Background: Temporal Action Localization (TAL) aims to identify action instances and their boundaries in untrimmed long videos. Zero-Shot TAL (ZS-TAL) further requires identifying unseen action categories. There are two main paradigms: Training-based (fine-tune VLMs on labeled \(D_{seen}\) then transfer to \(D_{unseen}\)) and Training-free (directly use frozen VLMs for test-time adaptation without training labels). A representative training-free method is T3AL, which adapts by online fine-tuning of the VLM's projection layer for each test video.

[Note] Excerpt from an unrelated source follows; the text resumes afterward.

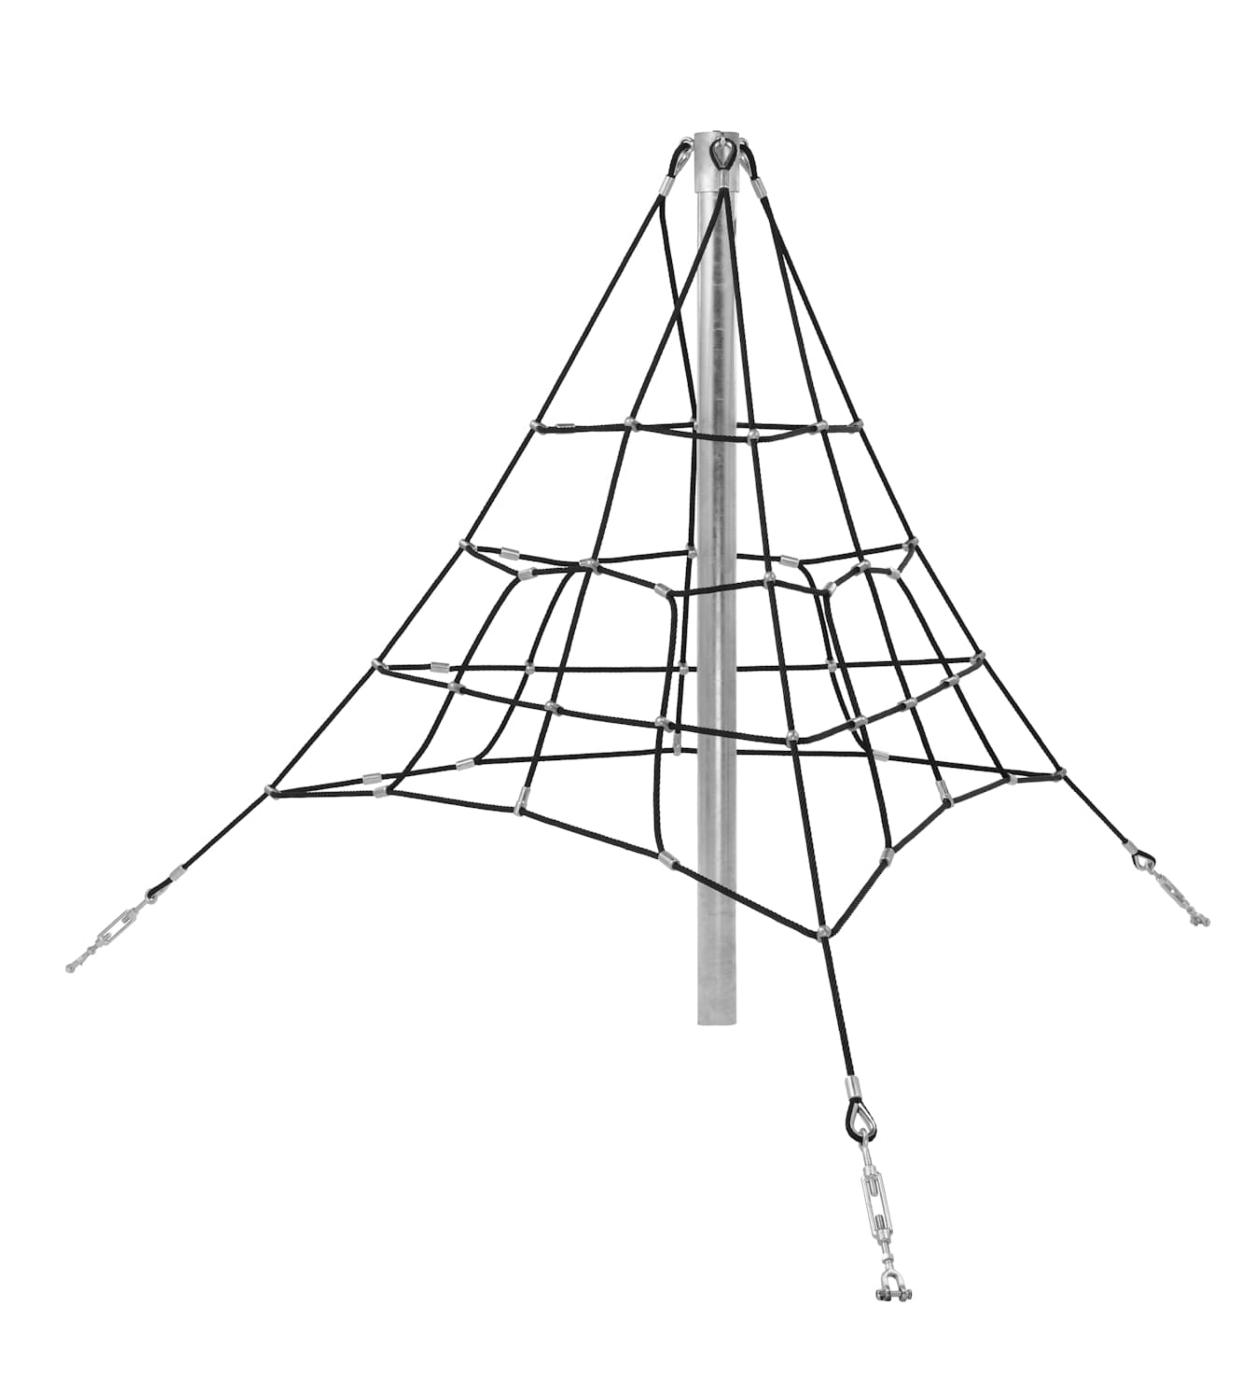 Pirâmide de corda de 3 lados com 200 cm de altura MEROE
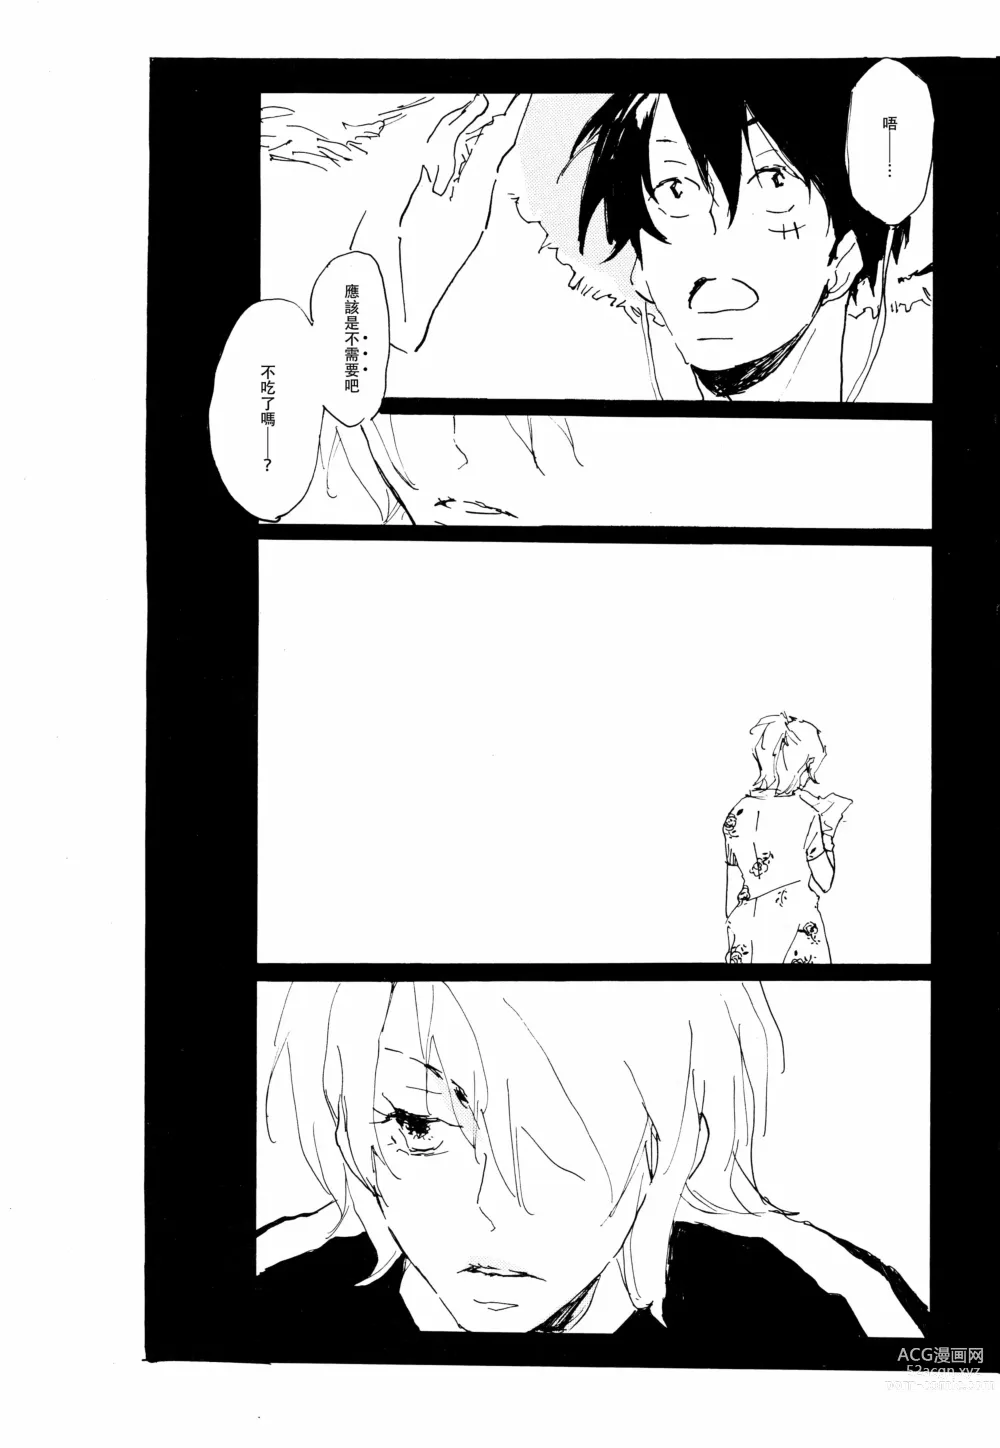 Page 26 of doujinshi 忧郁·与那份没有尽头的悲伤

Limitations of Prior Work: Training-based methods fit models to labeled \(D_{seen}\) categories, which ironically damages the generalization of VLMs. As shown in experiments, methods like EffPrompt and STALE see their average mAPs collapse from 23 to 4 or even 0.3 in Out-of-Distribution (OOD) scenarios. While the training-free T3AL solves the generalization issue, it has a fatal flaw: it adapts to each video independently and resets learned knowledge after processing each video, starting from scratch for the next.

Key Challenge: Significant shared potential knowledge exists across different videos—e.g., "running" is present in both basketball and football videos, and "shooting" and "dribbling" segments jointly support the overall understanding of "basketball." This cross-video knowledge could implicitly help subsequent videos distinguish actions from background. However, sample-wise adaptation lacks a mechanism for knowledge accumulation, wasting performance when encountering similar categories.

Goal: Equip training-free ZS-TAL with "memory" to accumulate and reuse reliable category knowledge during the test video stream, without damaging the zero-shot generalization of the VLM (i.e., without backpropagating through the encoder).

Key Insight: The authors observe that frames with the highest activation scores (top-k) in a test video are often the most unambiguous and discriminative action segments ("easy-to-judge frames"). These frames represent an action category more robustly than fixed text prototypes. Therefore, easy-to-judge frames accumulated across videos can be aggregated into category representations to serve as "prior knowledge" for disambiguating blurry frames in subsequent videos.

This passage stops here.